Scientists describe this type of psoriasis as plentiful round plaques that must be differentiated from Pityriasis rosea. These multiple lacerations develop over big parts of the human body, such as the head, chest, back, arms, and legs. Development of guttate psoriasis linked to ENT infection, especially in the pharynx and larynx, and especially if caused by streptococci.
This type of psoriasis looks like elevated pustules filled with white, non-infectious discharge. The skin around these skin elements is sore, reddish, and painful. Pustular psoriasis, or palmoplantar pustulosis, most commonly manifests on hands and feet.
Nail psoriasis creates various symptoms on the fingers or toe nails. The symptoms of psoriasis of this type are:
- discoloring and solidifying of the skin under the nail plate,
- cracks and stripes through the nails,
- the distraction of the nails,
- detachment and decaying of the nail from the nail bed.
This type of arthritis develops due to psoriasis and implicates connective tissue (ligaments, joint bursae) and joint inflammation. It may impact any joints, but usually small joints of the fingers and toes, causing dactylitis (when fingers and toes look like sausages due to swelling. Nearly 10-15 percent of psoriasis sufferers also report symptoms of psoriatic arthritis.
Erythrodermic psoriasis embroils great tenderness, redness, soreness, and exfoliation of the derma. It may accompany severe burning, puffiness, inflammation, and throbbing. Erythrodermic psoriasis is the only type that may be lethal, as the life-threatening tenderness, irritation, and exfoliation interrupt the body’s aptitude to normalize temperature.

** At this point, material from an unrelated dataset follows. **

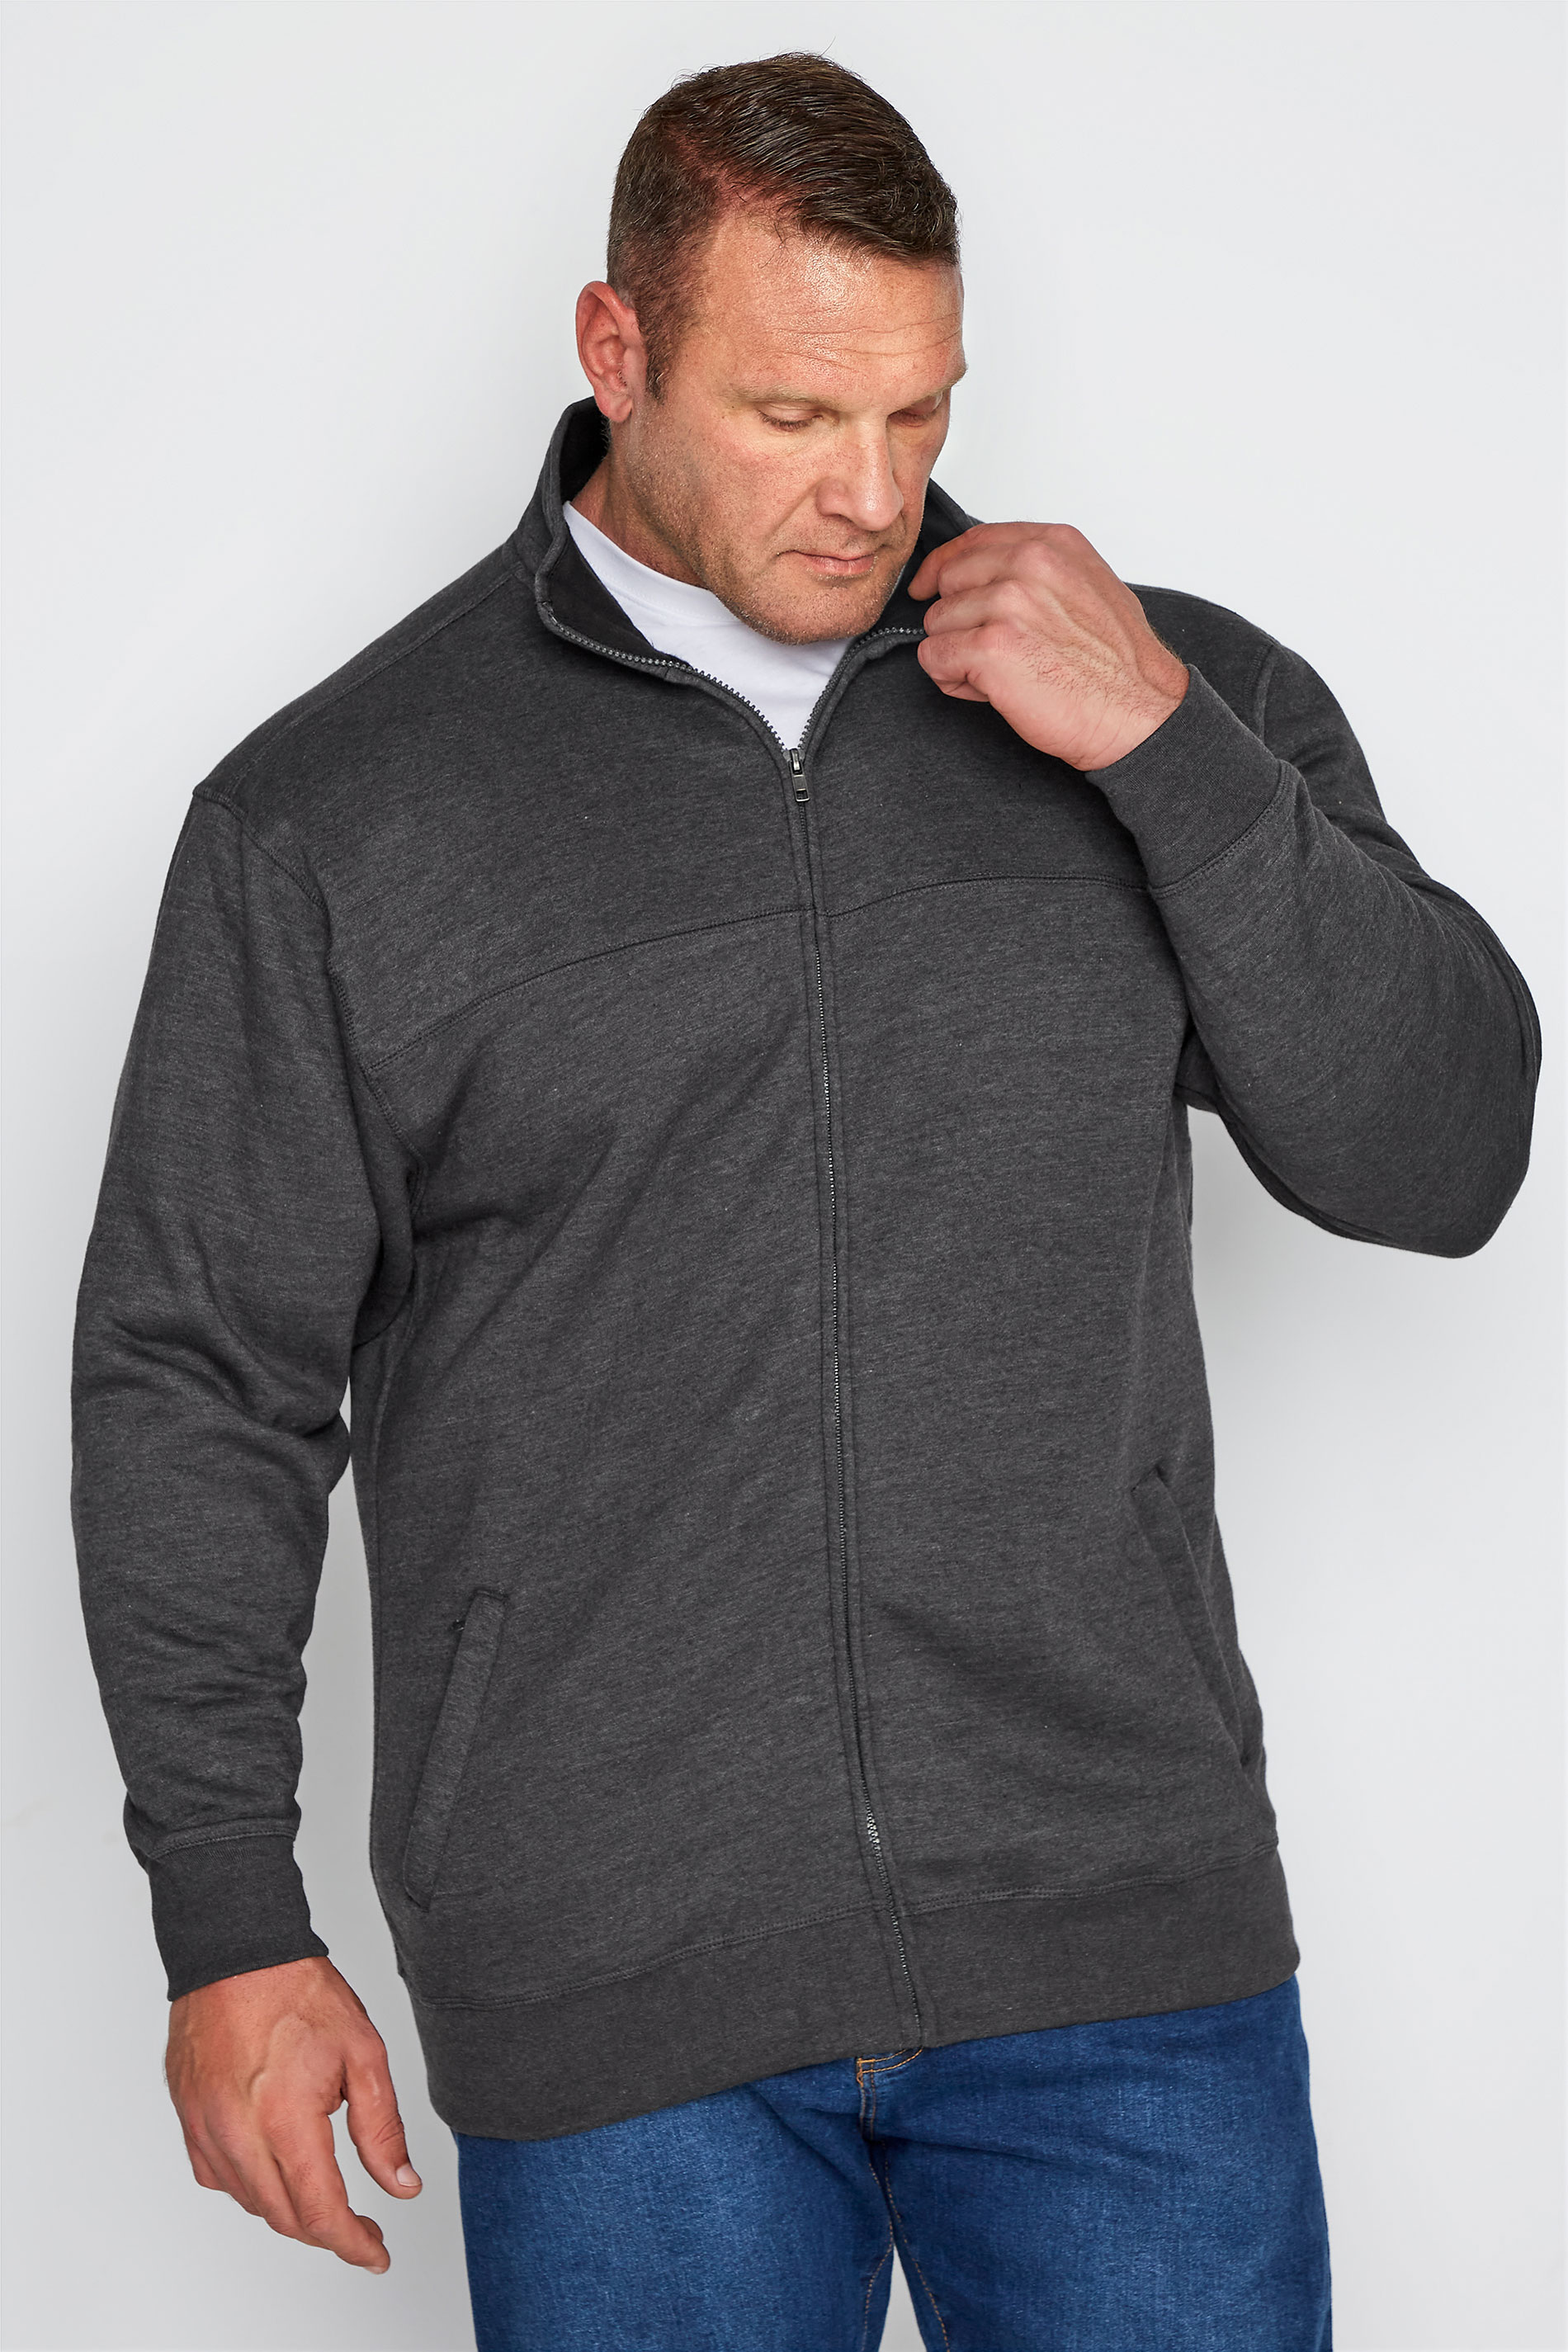 KAM Charcoal Grey Zip Through Sweatshirt_A.jpg

Proper diagnosis – the first step to successful treatment of psoriasis
The look of the skin typically concludes a diagnosis of psoriasis. No distinctive blood work is required for the diagnosis of this condition. In most difficult cases, a biopsy or scratching of the plaques may be administered to rule out some additional conditions and to authorize the diagnosis of psoriasis. Skin samples taken from the plaques for the morphological test will discover battered Rete pegs if the sample is affirmative for psoriasis. Also, while scrapping the surface of the plaques, bleeding from the derma below the plaque is a positive sign of psoriasis, also known as Auspitz’s sign. Homeopathy for psoriasis requires more specific diagnostic to find the similarity between the treating agent and the clinical symptomology.

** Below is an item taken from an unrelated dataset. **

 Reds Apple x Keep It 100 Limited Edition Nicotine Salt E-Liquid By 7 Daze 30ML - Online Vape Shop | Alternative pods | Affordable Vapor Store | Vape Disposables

Complications of psoriasis
If you are suffering from psoriasis, you are at greater risk of developing other ailments, including:
- Psoriatic arthritis, which causes pain, stiffness, and swelling in and around the joints
- Eye conditions such as conjunctivitis, blepharitis, and uveitis
- Type 2 diabetes
- High blood pressure
- Cardiovascular disease
Natural treatments for psoriasis
People who are looking for alternatives to their psoriasis treatment typically fall into three categories:
1) they want to go the holistic path from the start,
2) have tried conventional treatments such as corticosteroids or immune-suppressing medications without success or
3) conventional treatments acted on them, but the side effects were too significant for their body.
Several alternative treatments for psoriasis claim to relieve its symptoms. The list of natural remedies for the treatment of psoriasis includes:
Most alternative psoriasis treatments are safe and can relieve itching and flaking in people with mild to moderate psoriasis. Some home remedies for psoriasis help avoid the disease’s deterioration triggers, such as stress, depression, intoxication, etc.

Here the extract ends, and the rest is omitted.